■ Work request: What are the lines below, starting at the line containing "Nirvana T-Shirt - In" and ending at the line containing "Golden Salamander Ear Cuff frontal view"? Write them out exactly, ends included, without pictures.

■ Excerpted data:
== Segment start ==

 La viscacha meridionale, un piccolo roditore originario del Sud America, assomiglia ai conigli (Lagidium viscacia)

== Segment end ==
== Segment start ==

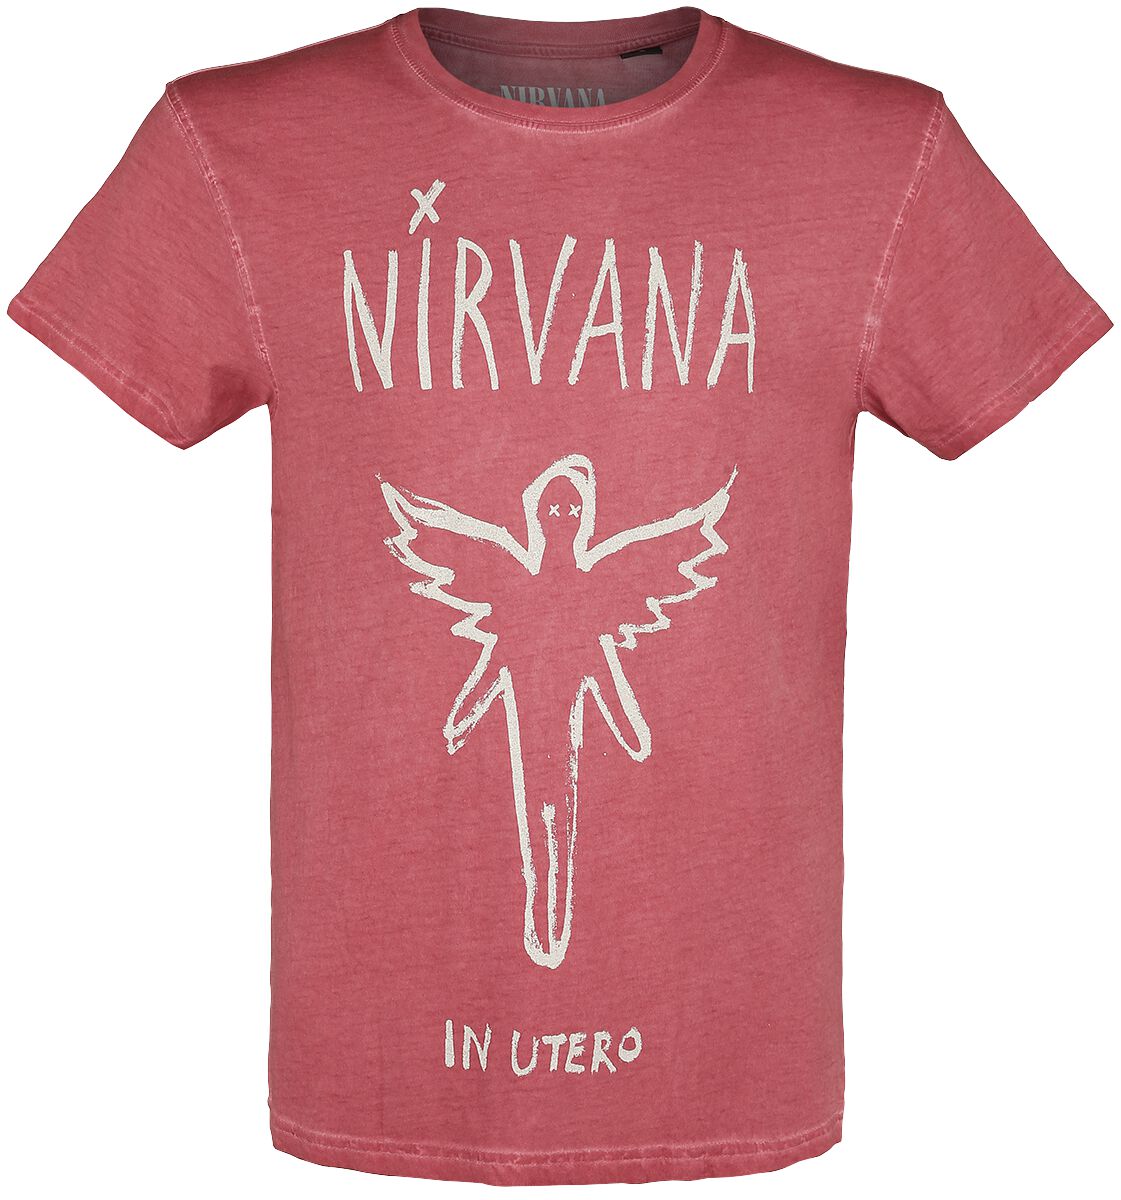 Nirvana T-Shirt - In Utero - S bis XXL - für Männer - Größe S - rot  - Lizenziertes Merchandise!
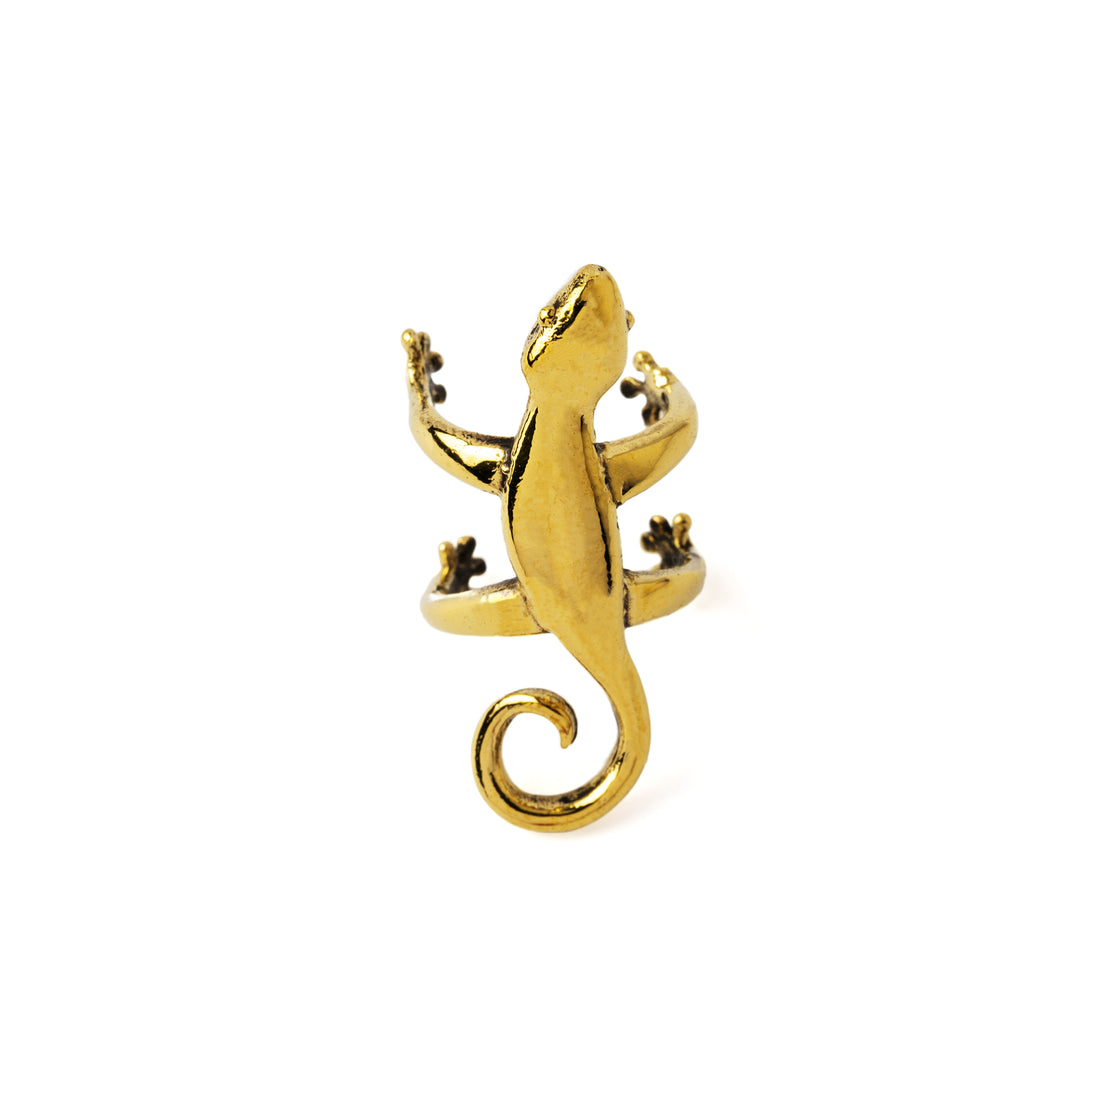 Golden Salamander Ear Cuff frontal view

== Segment end ==

■ Solved problem:
 Nirvana T-Shirt - In Utero - S bis XXL - für Männer - Größe S - rot  - Lizenziertes Merchandise!
 Golden Salamander Ear Cuff frontal view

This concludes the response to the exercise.